Sementara Wakil Gubernur DKI Riza Patria mengatakan kenaikan batas gaji tersebut mengikuti kebijakan Peraturan Menteri Pekerjaan Umum dan Perumahan Rakyat (PUPR). "Kami menyesuaikan dengan kebijakan [pemerintah pusat]. Kami ini di pemprov tidak bisa berdiri sendiri," kata Riza di lokasi yang sama.
Plt. Kepala Dinas Perumahan dan Kawasan Permukiman DKI Sarjoko menjelaskan lebih jauh bahwa kenaikan batas gaji menyesuaikan dengan perhitungan Peraturan Menteri PUPR 10/PRT/M/2019 tentang Kriteria Masyarakat Berpenghasilan Rendah dan Persyaratan Kemudahan Perolehan Rumah Bagi Masyarakat Berpenghasilan Rendah (MRB) pada lampiran II. Batas penghasilan rumah tangga MBR dalam peraturan itu sebesar Rp12,3 juta, sebelumnya Rp7 juta.

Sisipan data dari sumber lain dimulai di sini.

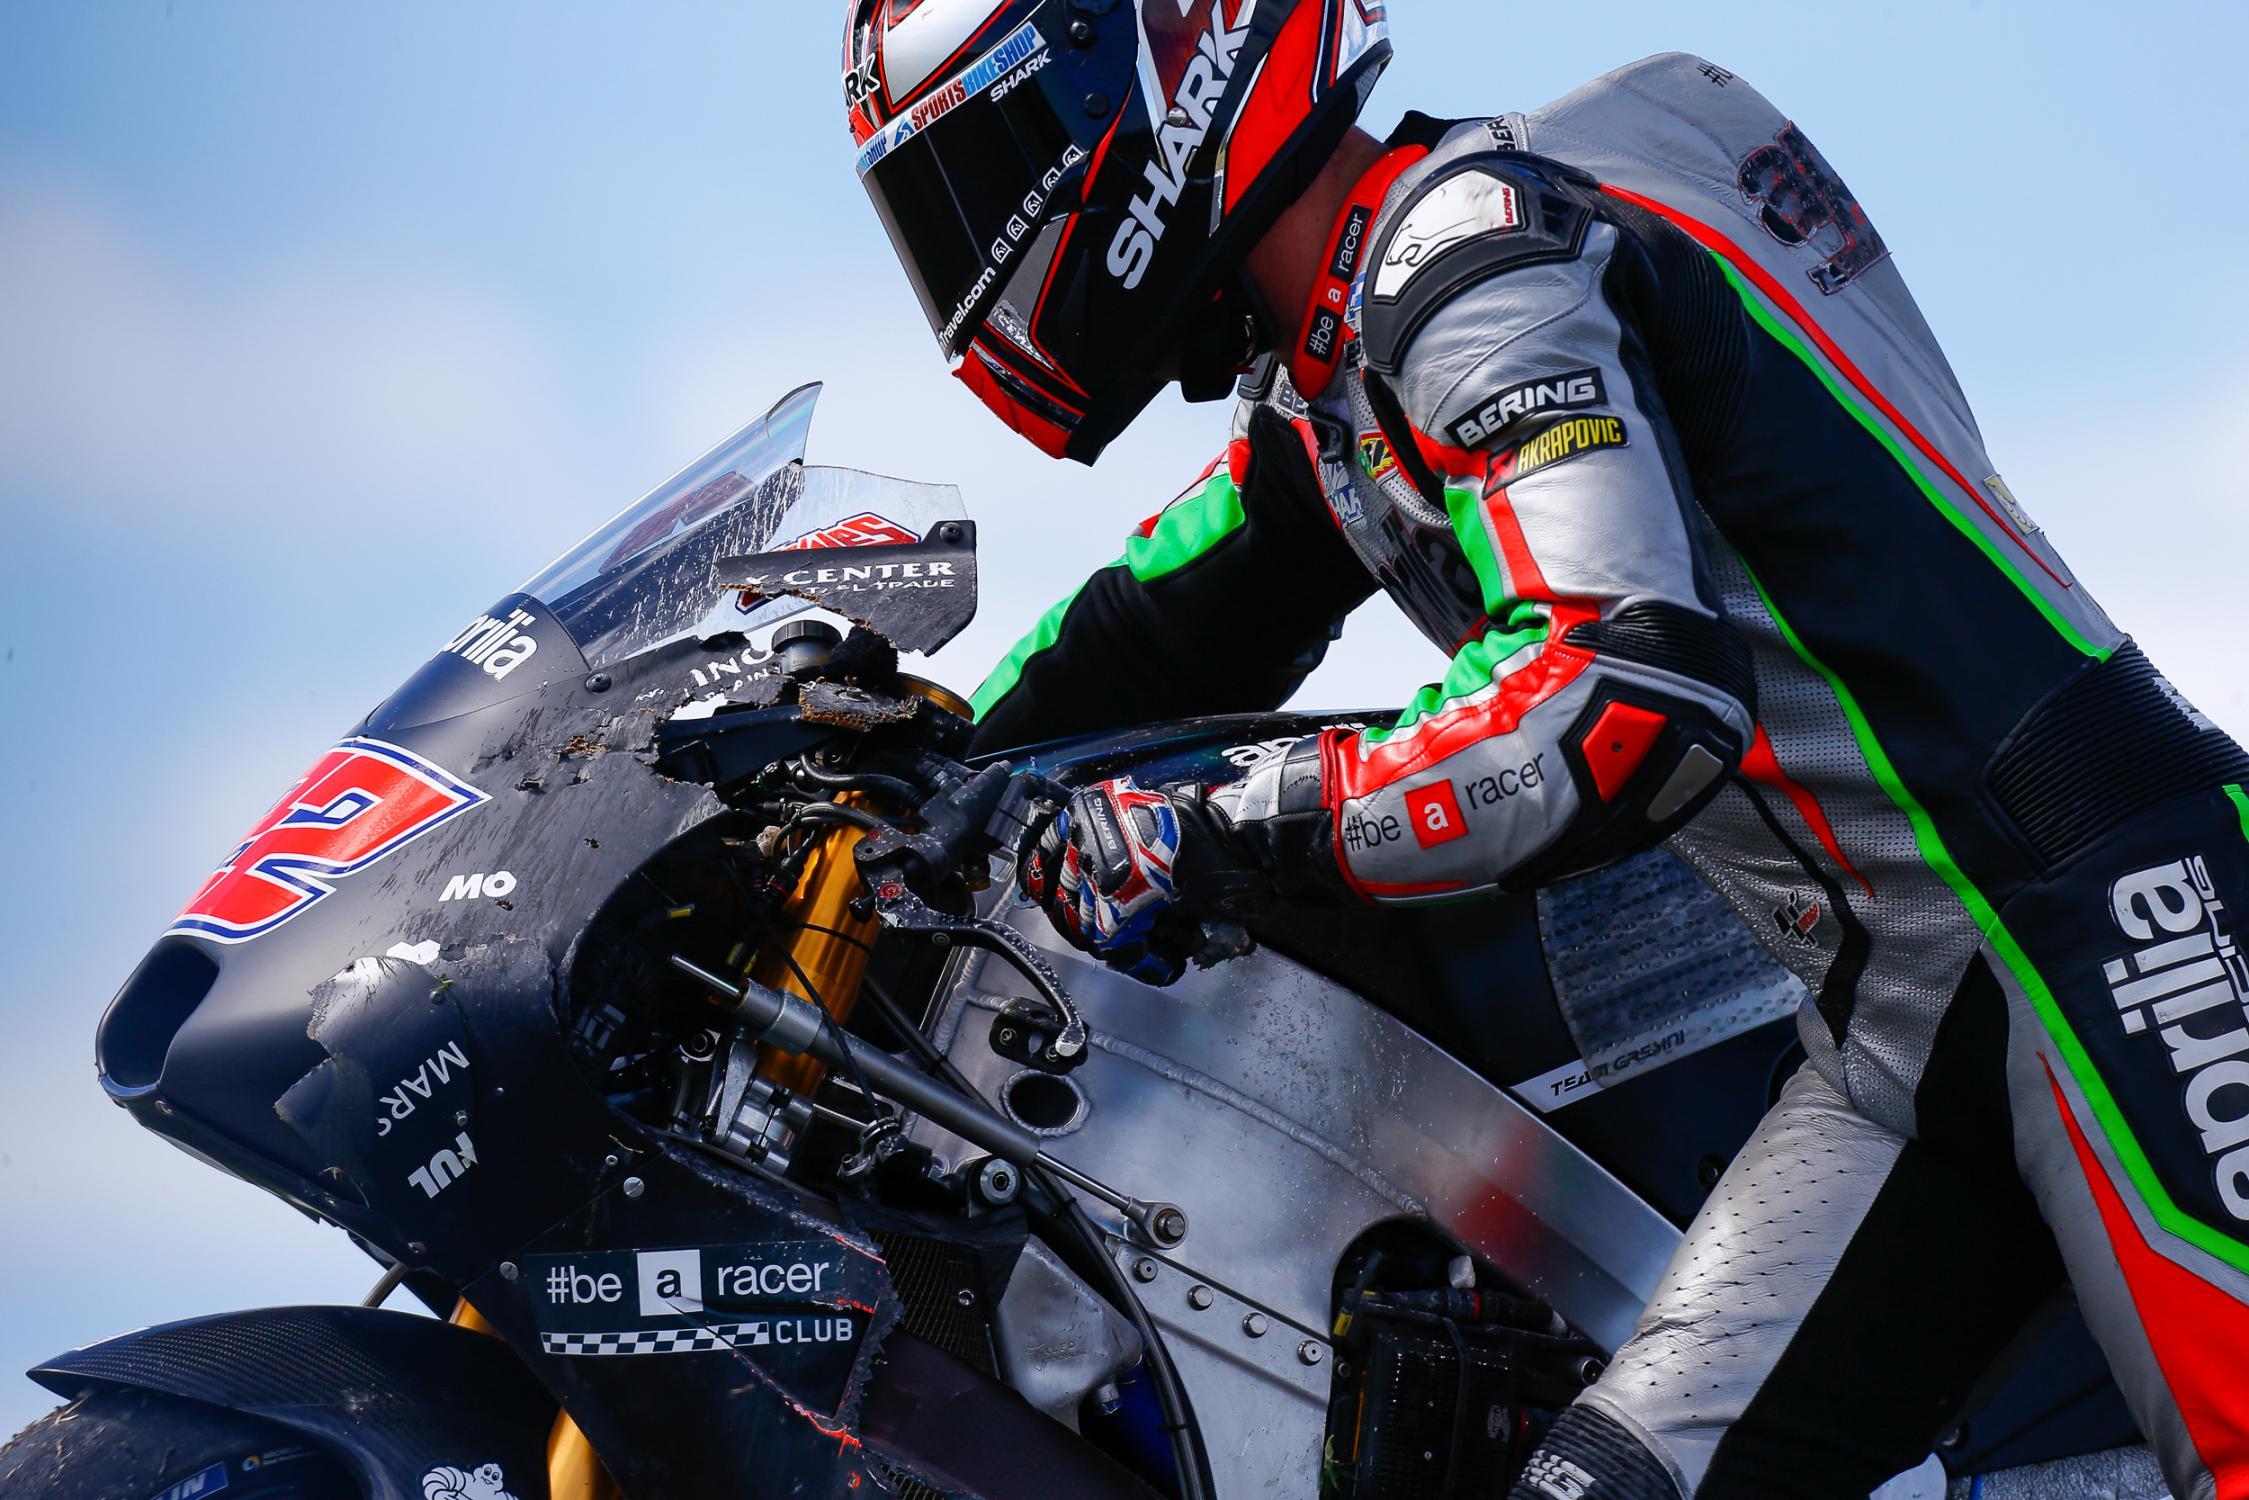 [MotoGP] Test Phillip Island 22-sam-lowes-eng-motogp-2017-action-australia-motogp-phillip-island-pre-season-test03514_test2017_ambience.gallery_full_top_fullscreen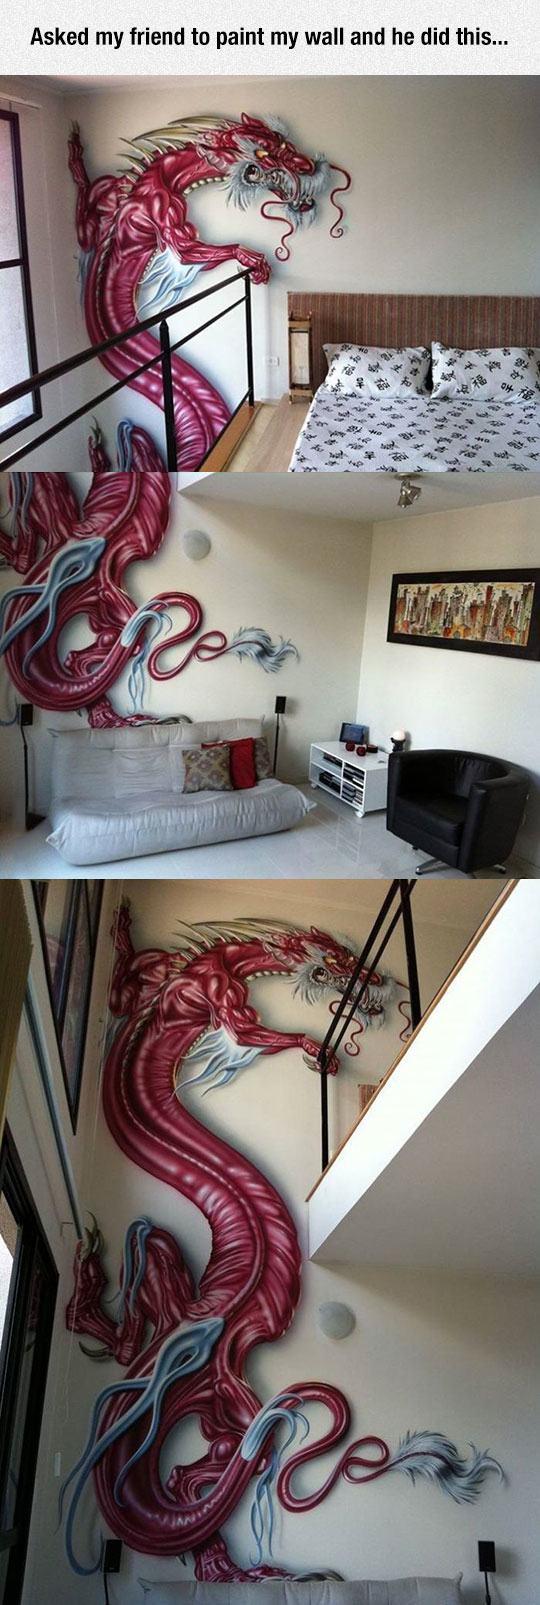 cool-dragon-wall-painting-1

"Naiknya harga ini akan memperluas penerima manfaat dari DP 0 [rupiah] mengingat mereka yang berpenghasilan 14,8 juta merupakan pekerja yang juga membutuhkan hunian di DKI Jakarta," klaim Sarjoko melalui keterangan tertulis, Rabu.
Ia menampik perubahan ini lantaran sepi peminat sebagaimana yang dikatakan politikus PSI. "Hunian DP nol untuk unit 36 m2 yang sudah terjual 95 persen. Sisa unit yang belum terjual adalah unit dengan ukuran studio,” klaim dia.
Kendati batas dinaikkan, Sarjoko menyatakan warga dengan penghasilan sampai dengan Rp7 juta tetap diakomodasi. Pemprov DKI, kata dia, tengah menyiapkan mekanisme agar kelompok dengan penghasilan tersebut dapat sesuai dengan ketentuan perbankan dan sistem cicilan yang tetap ringan serta terjangkau.
"Kelompok yang sementara masih belum sesuai dengan ketentuan perbankan kami utamakan untuk mendapatkan rusunawa sambil menata kondisi keuangan mereka," tuturnya.